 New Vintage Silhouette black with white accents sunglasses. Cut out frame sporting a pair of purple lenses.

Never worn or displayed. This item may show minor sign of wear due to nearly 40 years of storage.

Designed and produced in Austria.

### WORK INSTRUCTIONS
All of the data must be written out again, exactly as it stands.

### OUTPUT OF THE TASK
 New Vintage Silhouette black with white accents sunglasses. Cut out frame sporting a pair of purple lenses.

Never worn or displayed. This item may show minor sign of wear due to nearly 40 years of storage.

Designed and produced in Austria.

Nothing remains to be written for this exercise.